** Opening SUPPLIED INFORMATION block **

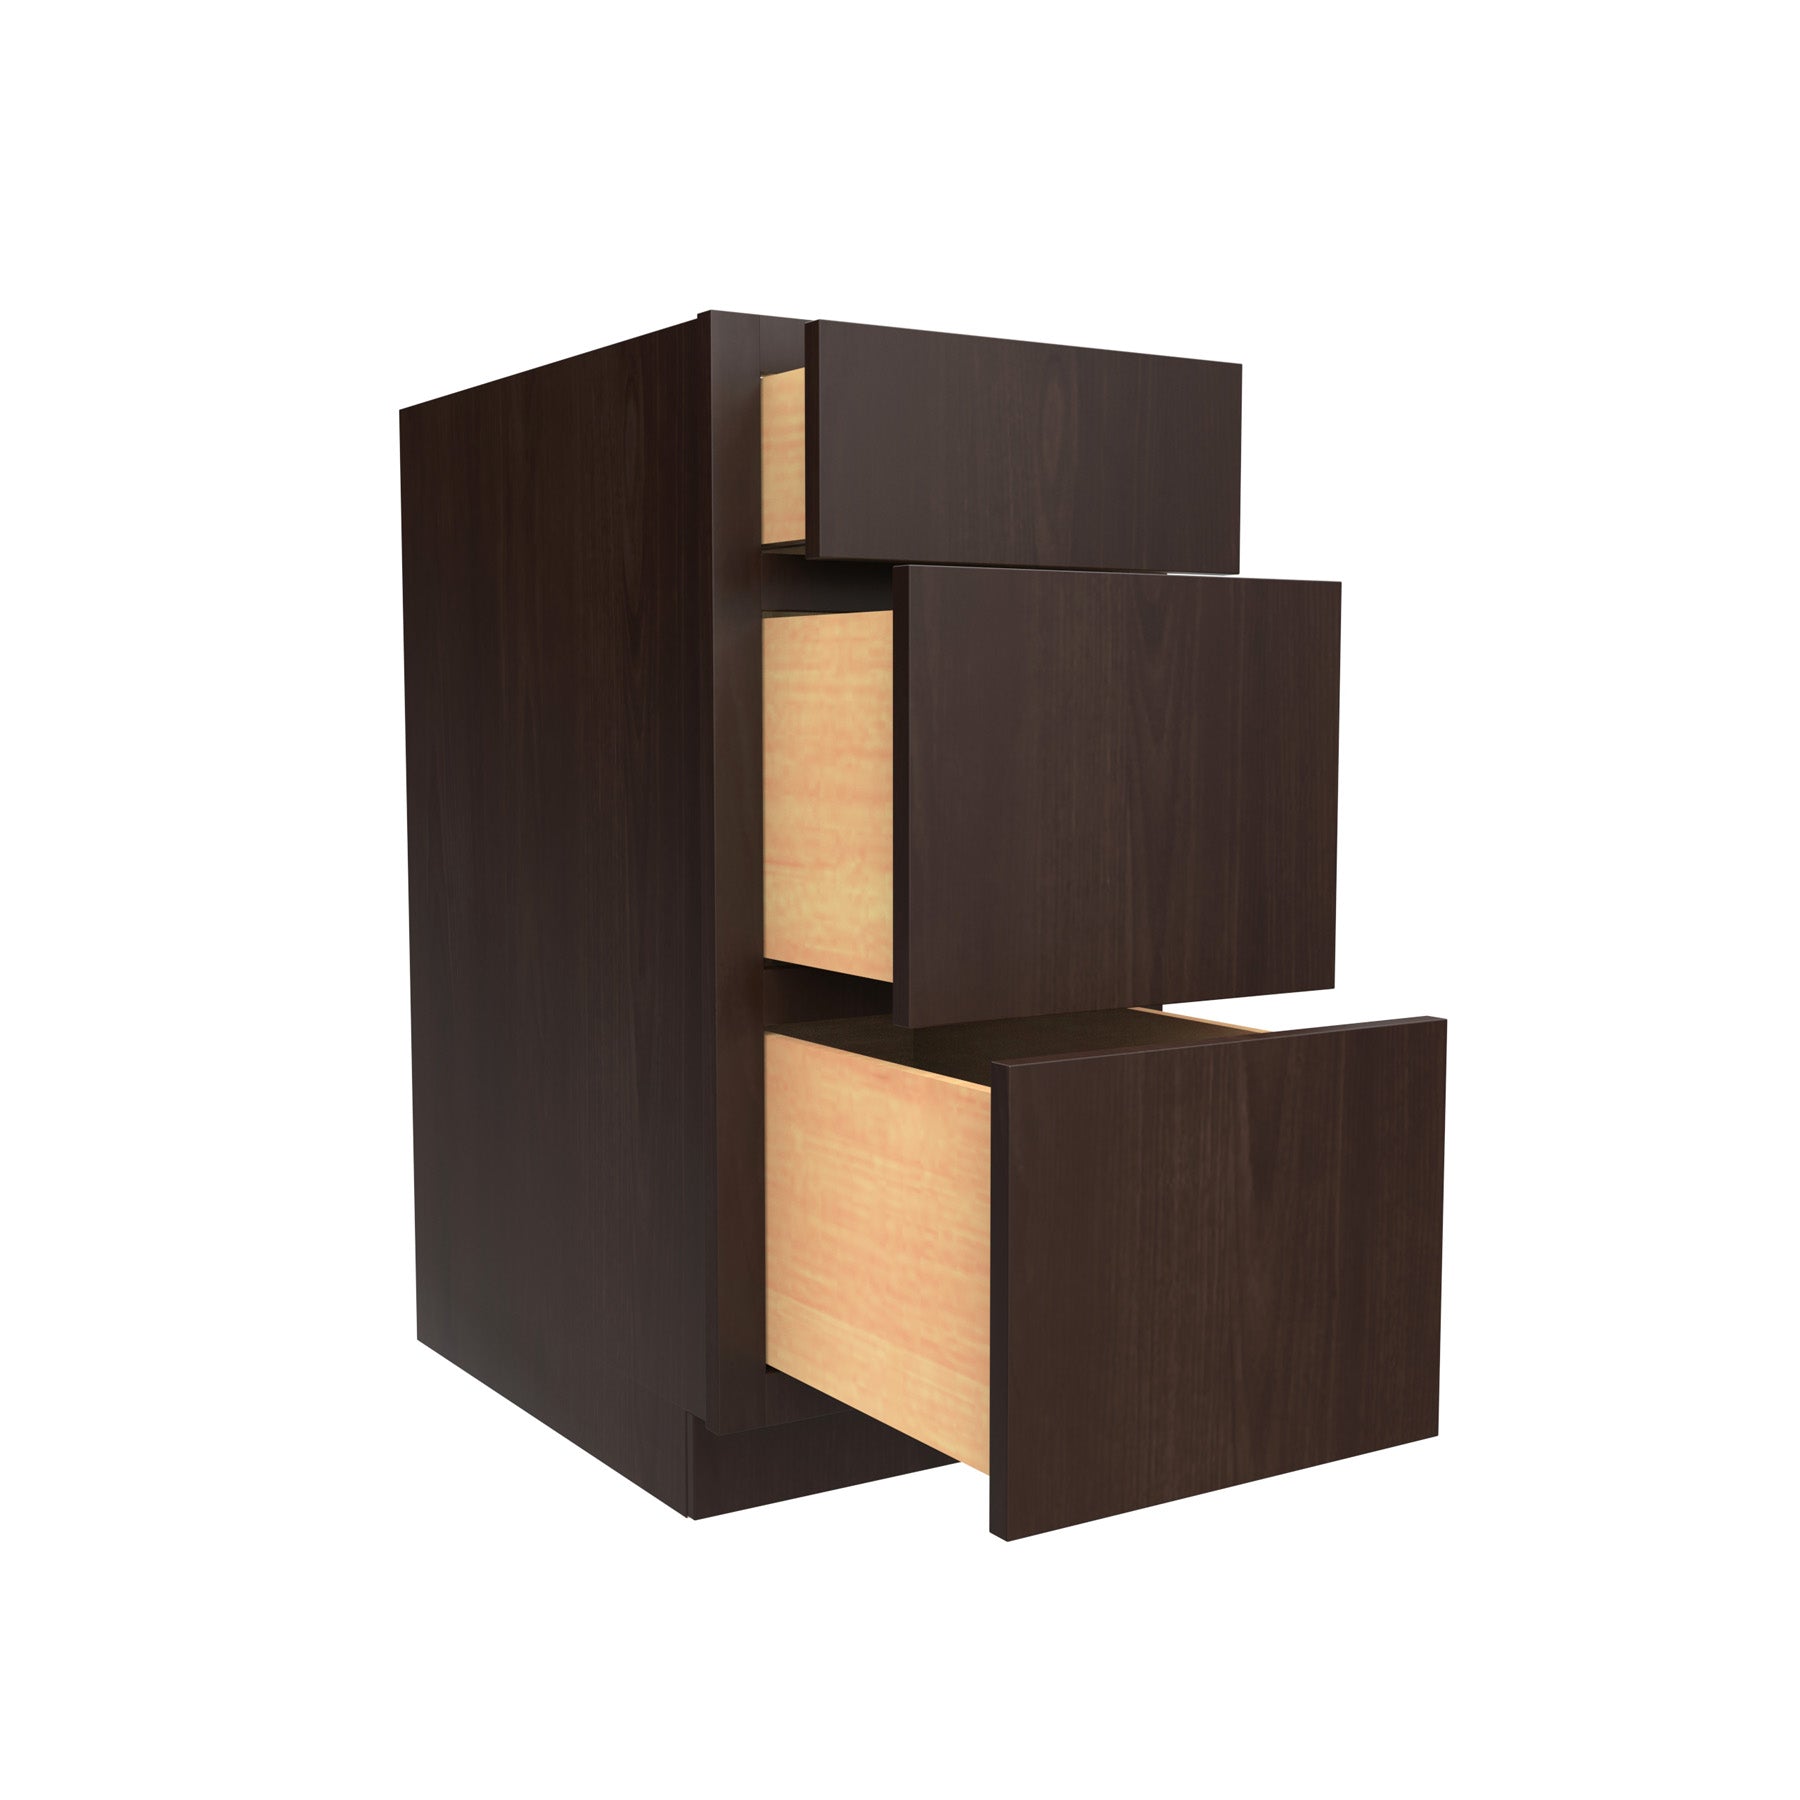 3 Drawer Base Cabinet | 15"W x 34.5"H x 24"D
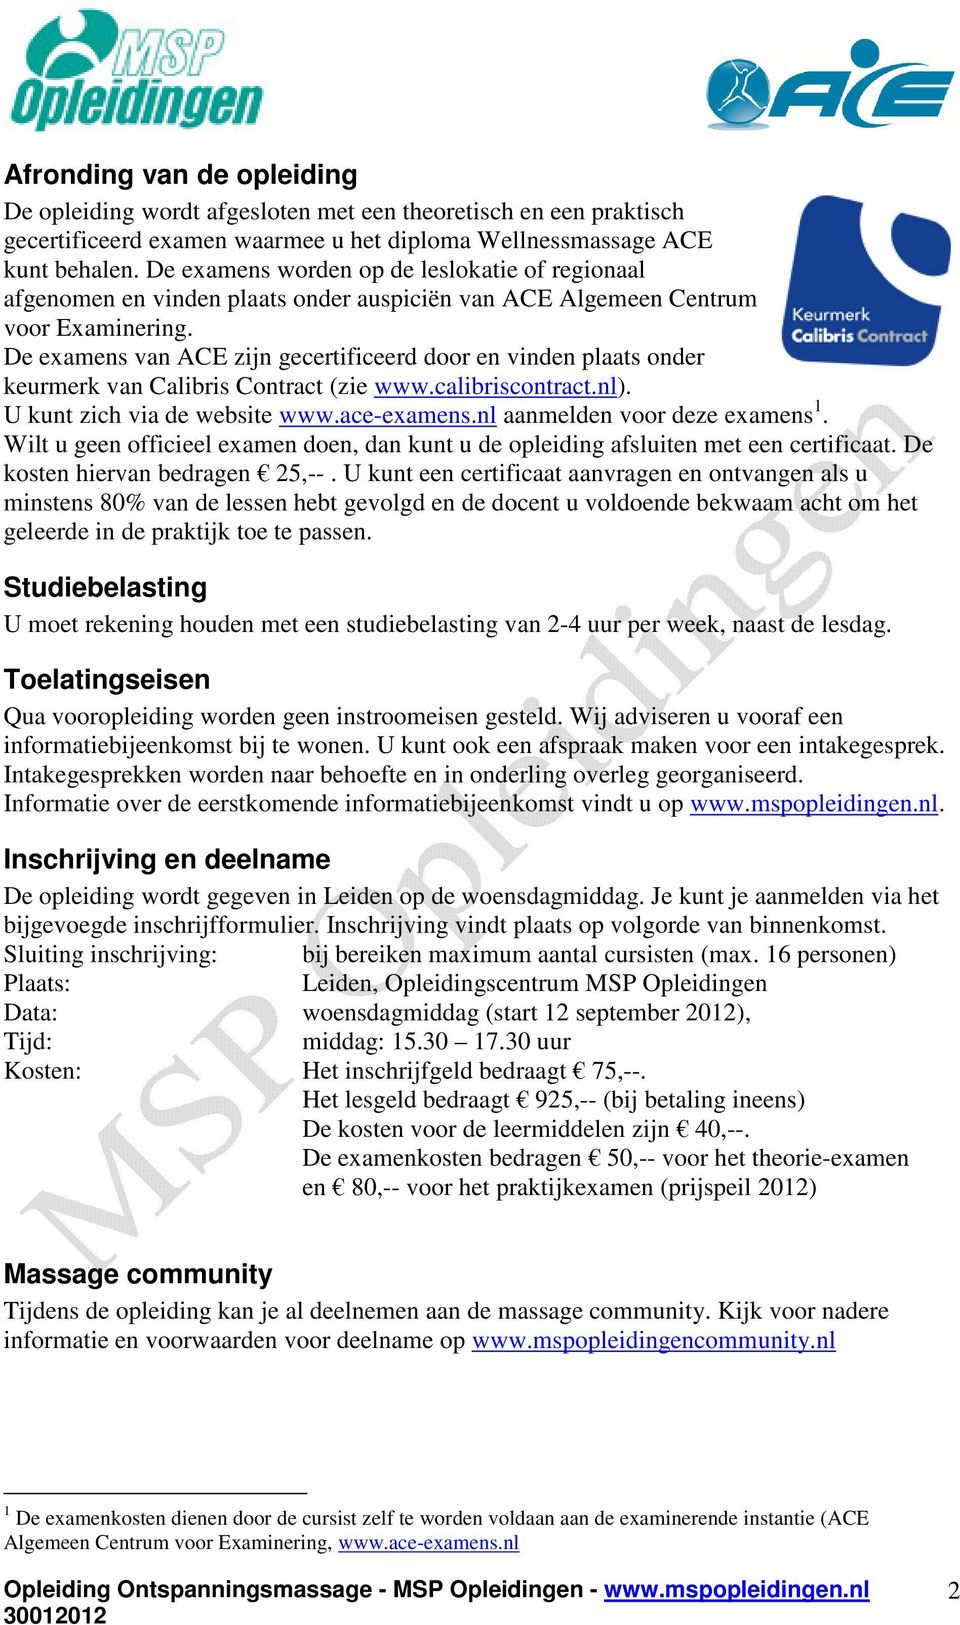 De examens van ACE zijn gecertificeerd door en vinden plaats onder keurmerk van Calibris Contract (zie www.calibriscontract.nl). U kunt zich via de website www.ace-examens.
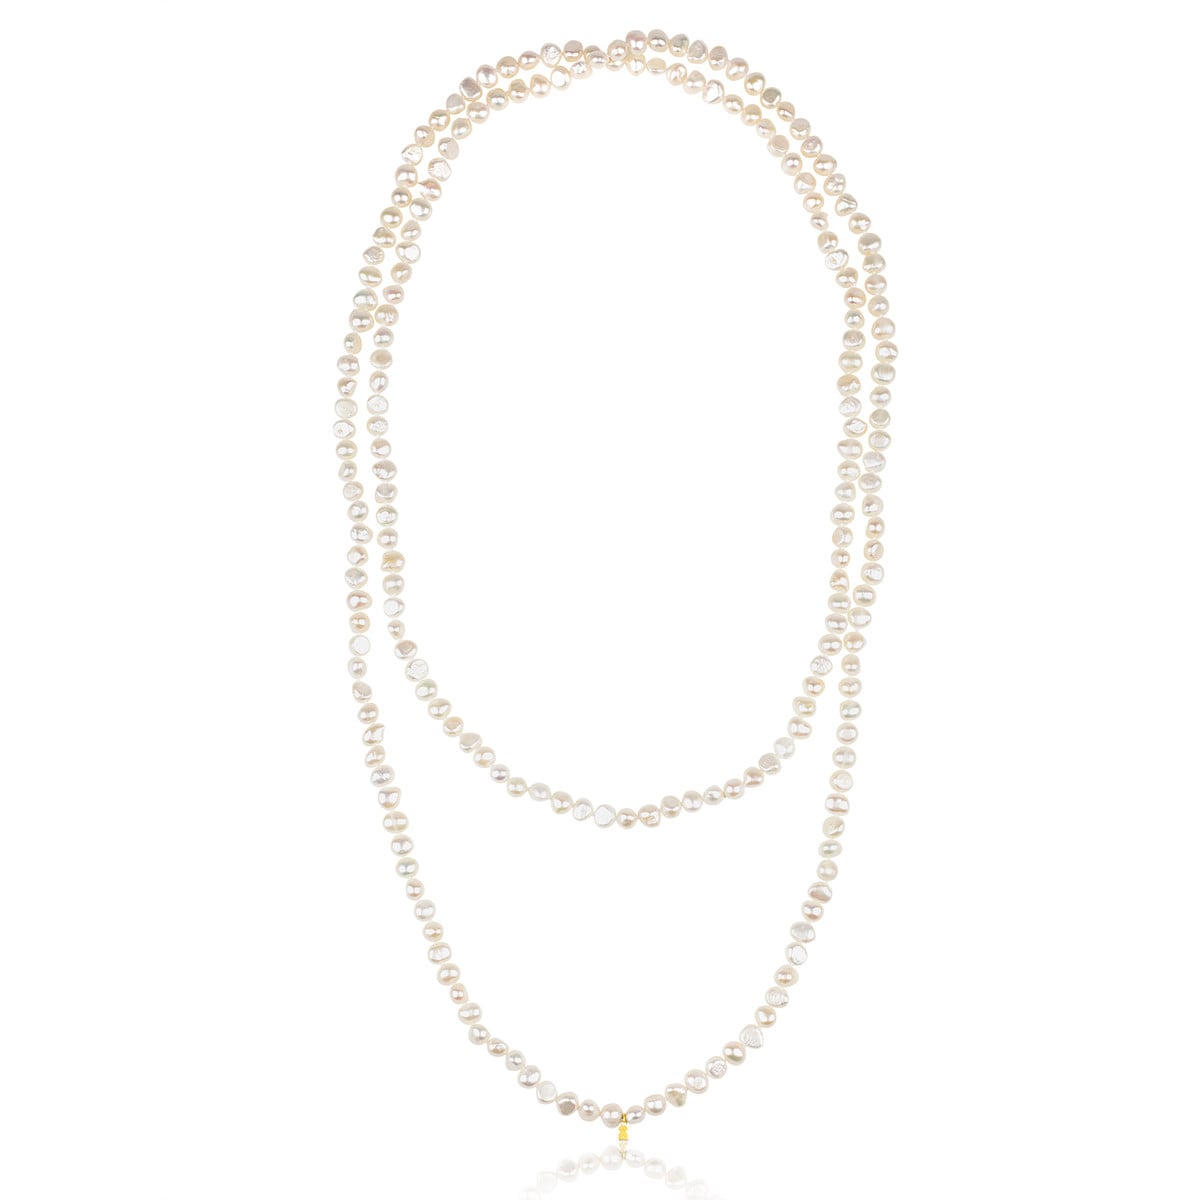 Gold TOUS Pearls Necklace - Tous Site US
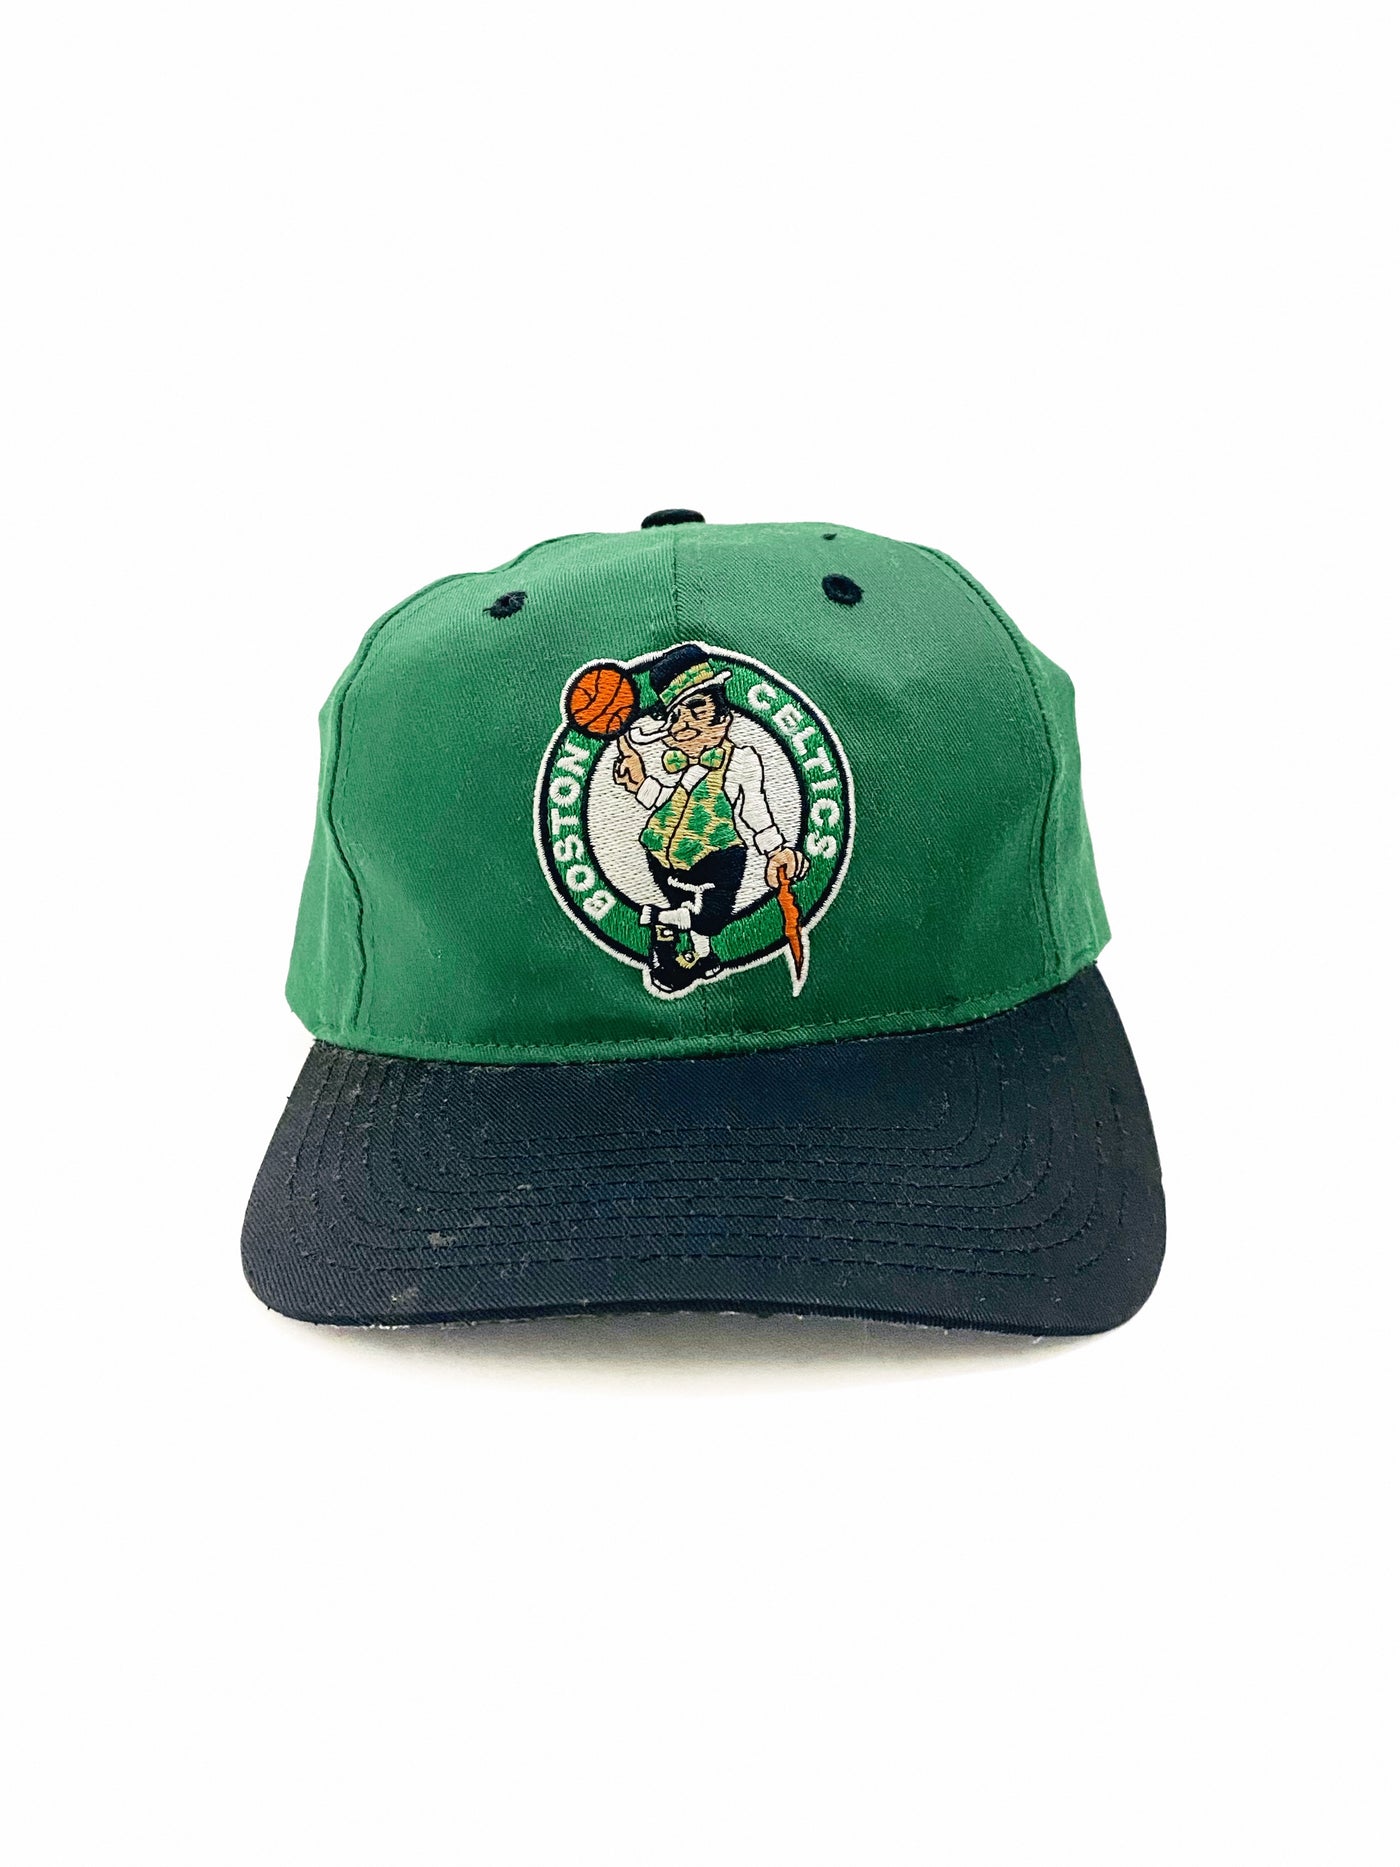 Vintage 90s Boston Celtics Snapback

** Closing SUPPLIED INFORMATION block **

◆ YOUR OBJECTIVE: Print the lines from the one that contains "De examens van" through the final line of the material above, exactly and only those, with pictures left out.

◆ EXERCISE OUTPUT:
 De examens van ACE zijn gecertificeerd door en vinden plaats onder keurmerk van Calibris Contract (zie www.calibriscontract.nl). U kunt zich via de website www.ace-examens.
 Gold TOUS Pearls Necklace - Tous Site US
 Vintage 90s Boston Celtics Snapback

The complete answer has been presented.